Of course, there are different domains of intelligence, and agent A can be more intelligent in domain X while agent B is more intelligent in domain Y.

If you want to make some comparison of general intelligence, you have to start thinking of some weighted average of all possible domains.

One possible shortcut here is the meta domain of tool use.
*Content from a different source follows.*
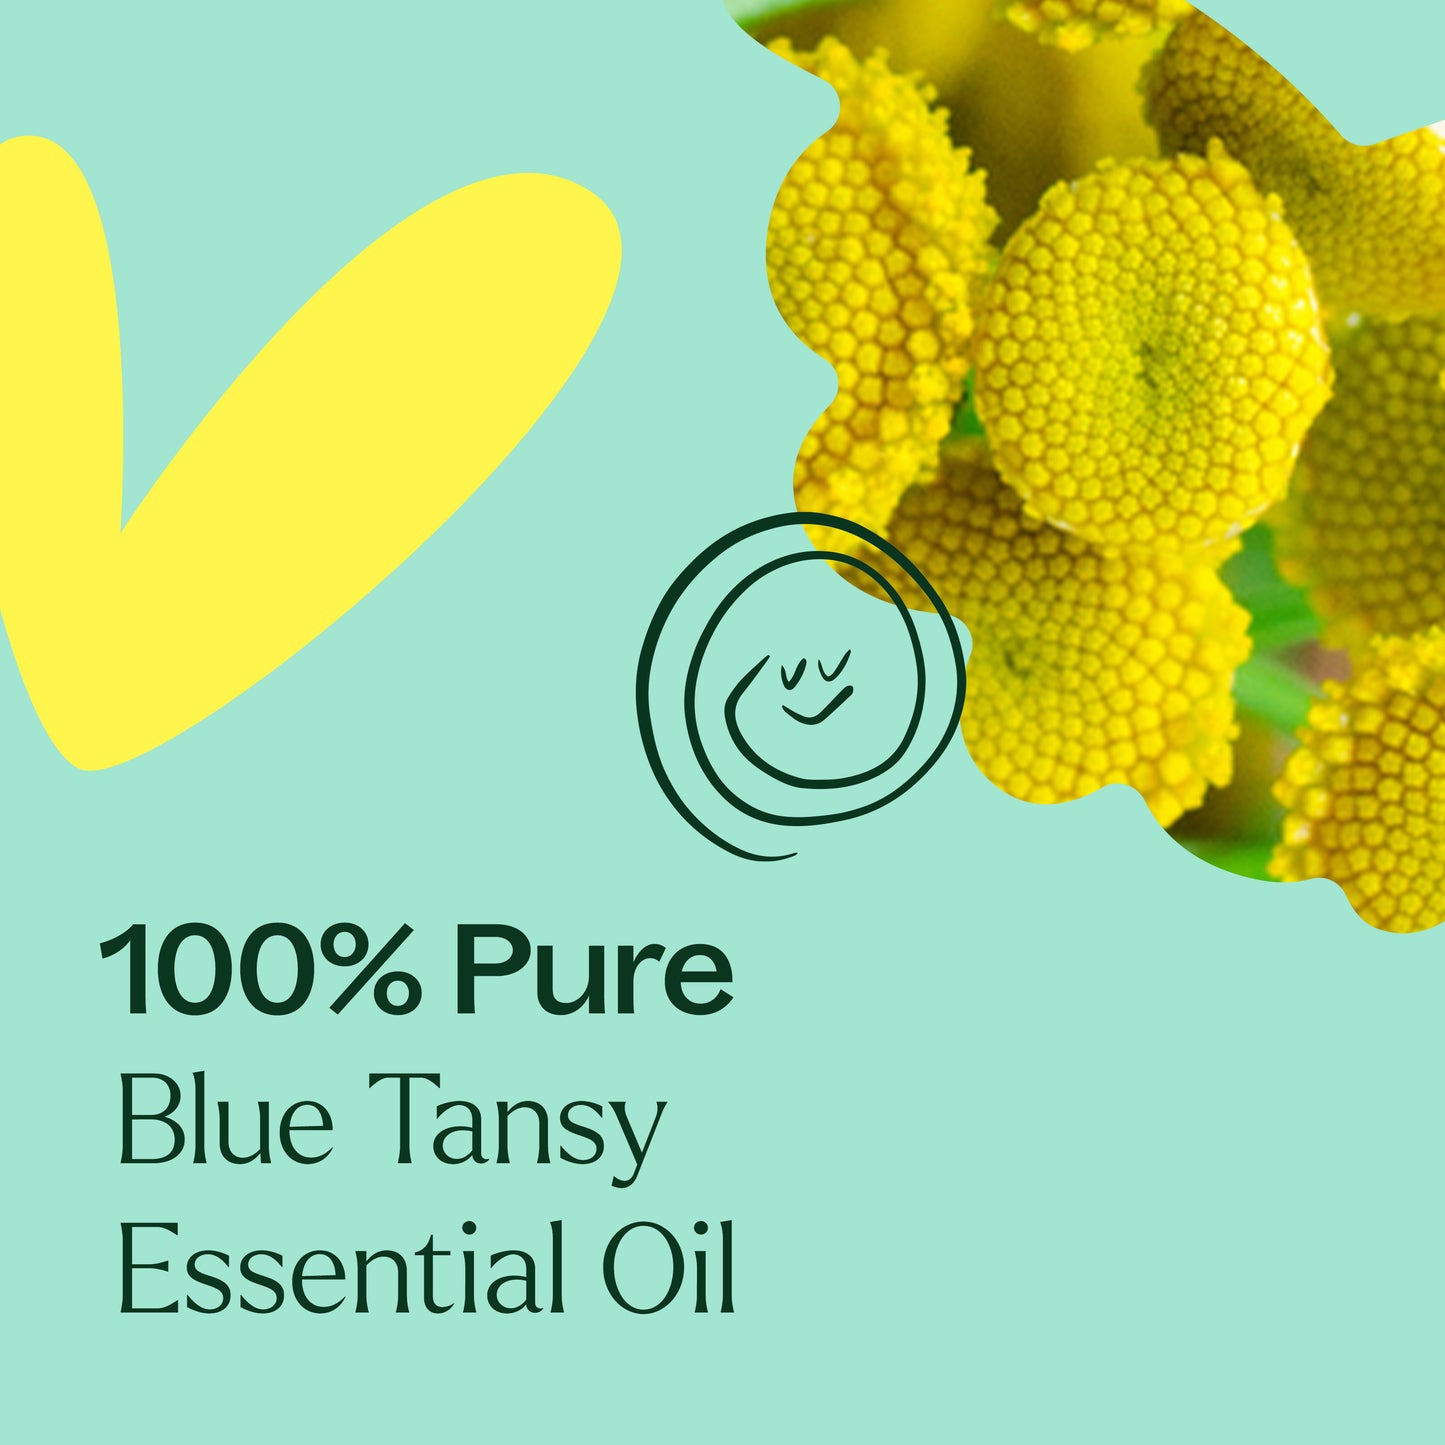 100% pure Blue Tansy Essential Oil
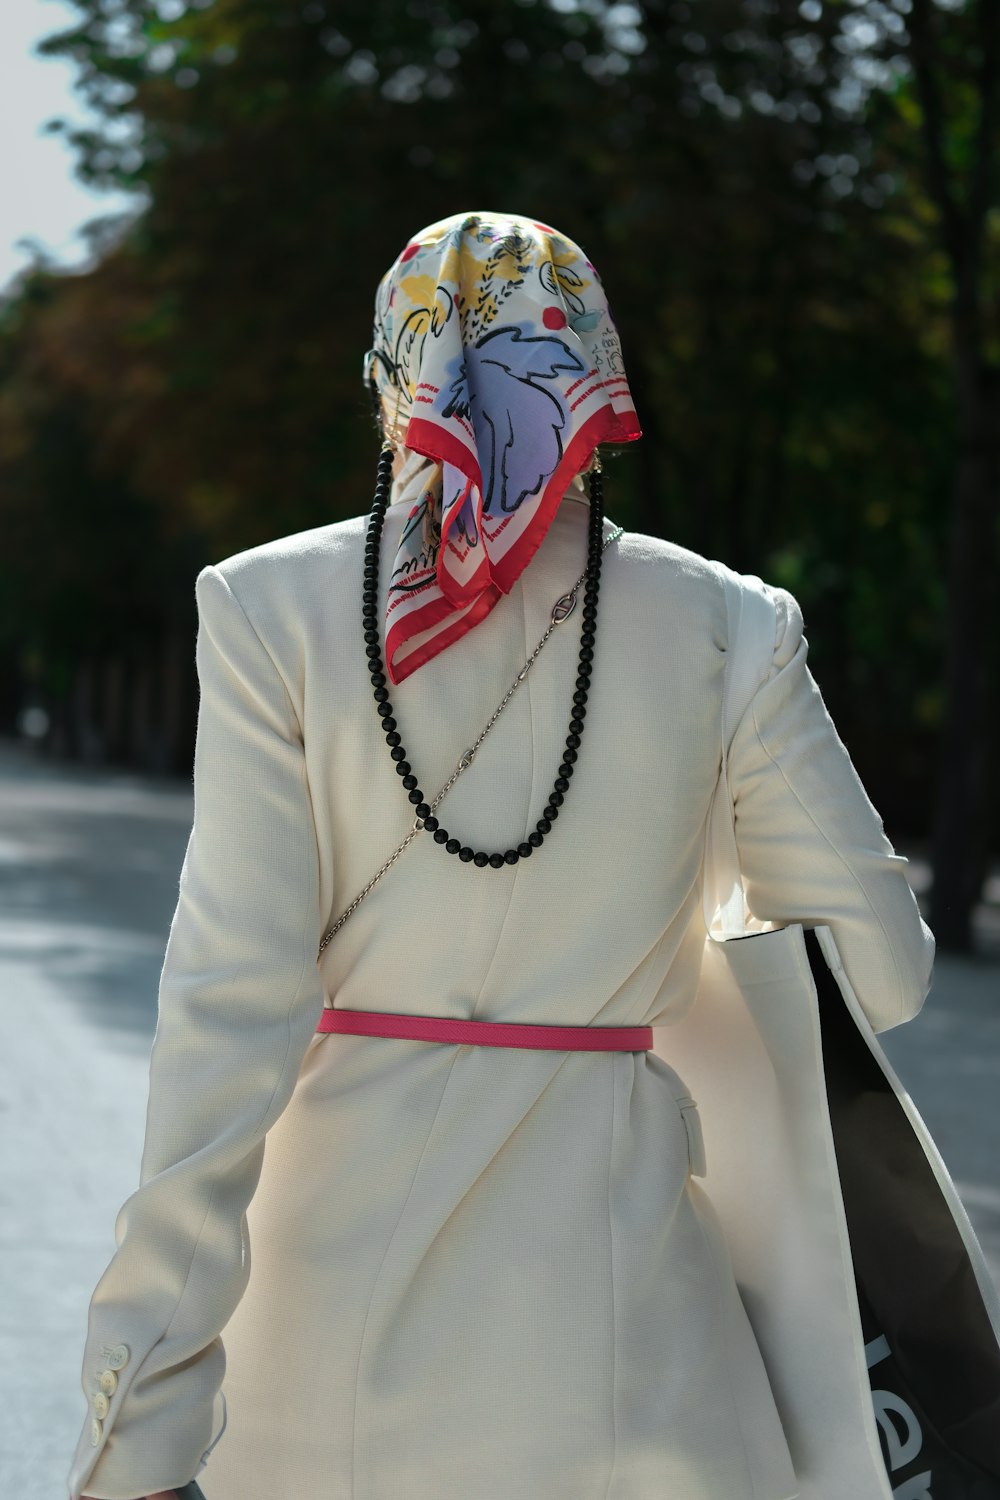 μια γυναίκα με λευκό παλτό και κόκκινο-λευκό κασκόλ

ChatGPT could theoretically make more use of a calculator (say, via always calling a calculator API when it wants to do math, instead of trying to do it by itself) than a calculator can make use of ChatGPT, so that makes ChatGPT by definition smarter than a calculator, cause it can achieve the same goals the calculator can just by using it, and more.

That's really most of humans' intelligence edge for now: seems like more and more, for any given skill, there's a machine or a program that can do it better than any human ever could. Where humans excel is our ability to employ those super human tools in the aid of achieving regular human goals. So when some AI system gets super-human-ly good at using tools which are better than itself in particular domains for its own goals, I think that's when things are going to get really weird.

I don't know if this matters to you, but Eliezer doesn't think LLMs will kill us. He thinks LLMs are a stepping stone to the ASI that will kill us.

If you’re actually curious, not just venting, the book you want is Superintelligence by Nick Bostrom.

Not to claim that it is in any way correct! I’m a huge critic of Bostrom and Yud. But that’s the book with the argument that you are looking for.